Irrigation water availability issues may make it valuable to try out a range of cotton varieties that differ in required or desired growing season length. All cotton varieties can be managed to shorten up the growing season by reductions or delays in irrigation, more aggressive PGR applications and other management efforts. But varieties and types of cotton (non-Acala Upland, Acala, Pima) differ in how much you can shorten up the growing season, yield reductions and potential for impacts on quality. Although we know about relative salinity tolerance of cotton compared with some other agronomic crops, there aren’t many recent evaluations that look at relative salt tolerance and production under saline conditions. Some of these comparisons might warrant strip tests or other on-farm variety comparisons as you plan your planting season.
Planting season is upon us in the western deserts of Arizona and will begin across the central deserts and towards eastern Arizona soon. Variety selection decisions have been made, and planting seed is already in the barn. It is important to know about new technologies available in many varieties for 2018 that give us additional options for weed control in our production systems.
Dicamba tolerance is now fully registered with both tolerant cotton varieties and the proper chemical formulations (XtendiMax from Monsanto and Engenia from BASF) to use with them. Cotton varieties tolerant to Enlist Duo herbicide from Dow are also available. Enlist Duo is currently registered for use in all Arizona counties except Yuma, La Paz, Maricopa, Pinal and Pima.
Use of either of these new technologies will have a potential fit in certain areas of the state where emerging populations of glyphosate-resistant weed species — specifically pigweed — have been documented. If you choose to use this new technology, it is critical that you read and follow the label and supplemental labels for the herbicide products to ensure applying them in a manner consistent with effective use.
Parameters such as wind speed, nozzle type and pressure, boom height, sprayer speed, water conditioners, tankmix partners, etc., are all specified in the labels and must be followed carefully to get the most out of these new technologies. Another critical factor to consider when using these herbicides is tank cleanout. Triple rinse procedures are required when using any of the new phenoxy herbicide formulations.
Monsanto, BASF and Dow have developed websites to provide the latest information available for these products and can be found at: www.xtendimaxapplicationrequirements.com and www.engeniatankmix.com for the dicamba products and at www.enlist.com for the 2,4-D product.
If you have additional questions, contact your specific company (Monsanto, Dow or BASF) representative or the University of Arizona Cooperative Extension office in your area.
Cotton burndown programs will be put in motion soon. Those who planted a cereal rye cover crop likely did so with the objective of improving soil health and helping with pigweed control. They generally want to delay termination of the rye as long as possible.

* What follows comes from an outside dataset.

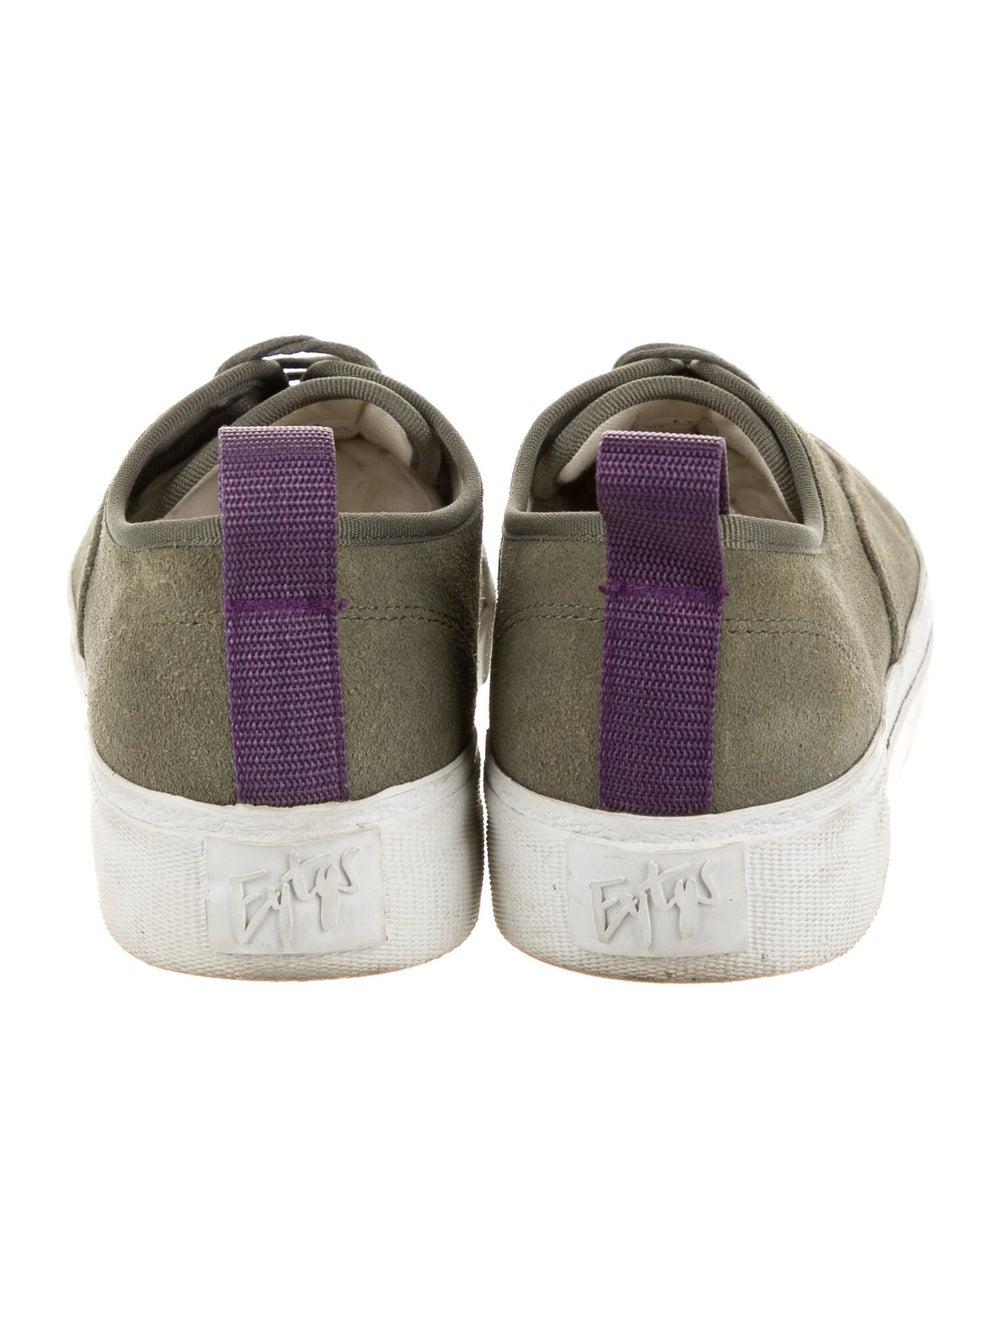 Eytys Suede Sneakers Green - image 4
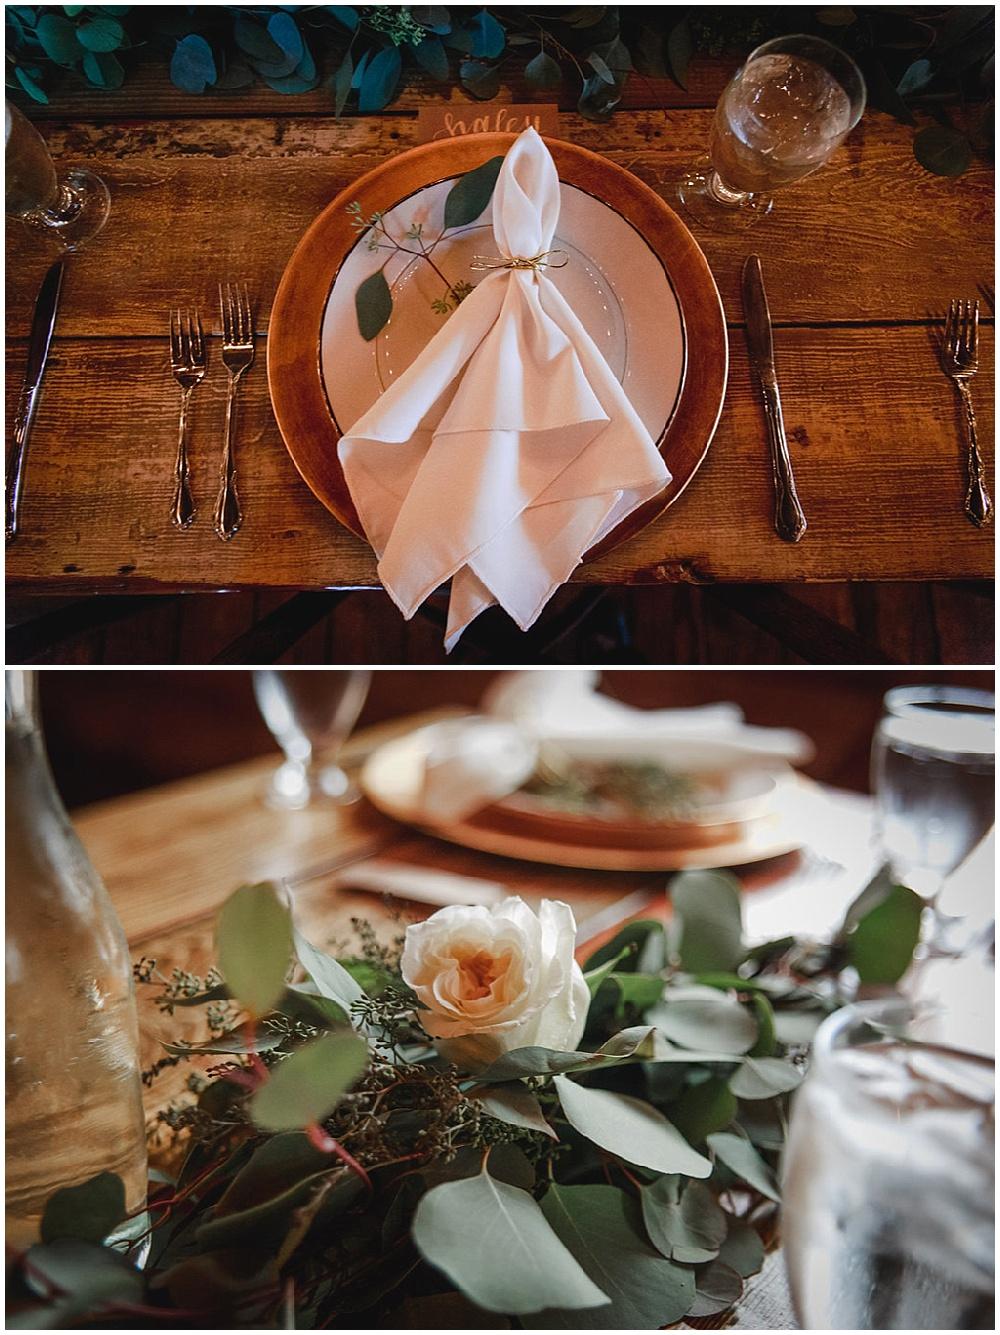 blush table decor with greenery sprigs   Chicago urban rustic wedding  Sandra Armenteros Photography   Jessica Dum Wedding Coordination

However, burndown programs should be timed ahead of the planter to address issues related to the “green bridge,” which can facilitate pest movement from a dying cover crop to an emerging crop. Remember that many early season cotton pests overwinter in broadleaf weeds. High levels of broadleaf plants or weeds in your cover crop increase the potential for green bridge issues.
Burning down tall cereal rye four weeks ahead of the planter makes planting more difficult as the rye tends to lodge and twist up. Cutting through lodged residue can be difficult. Starting burndown two weeks ahead of the planter is generally enough time to terminate rye, which typically will still be standing. However, this can be a green bridge problem if difficult to control weeds are also present in the rye.
Some prefer to terminate cereal rye in front of or just behind the planter. This can be risky, especially if broadleaf weeds are present. Regardless of herbicide programs prior to planting, Gramoxone and a pyrethroid behind the planter should be part of your pest management program.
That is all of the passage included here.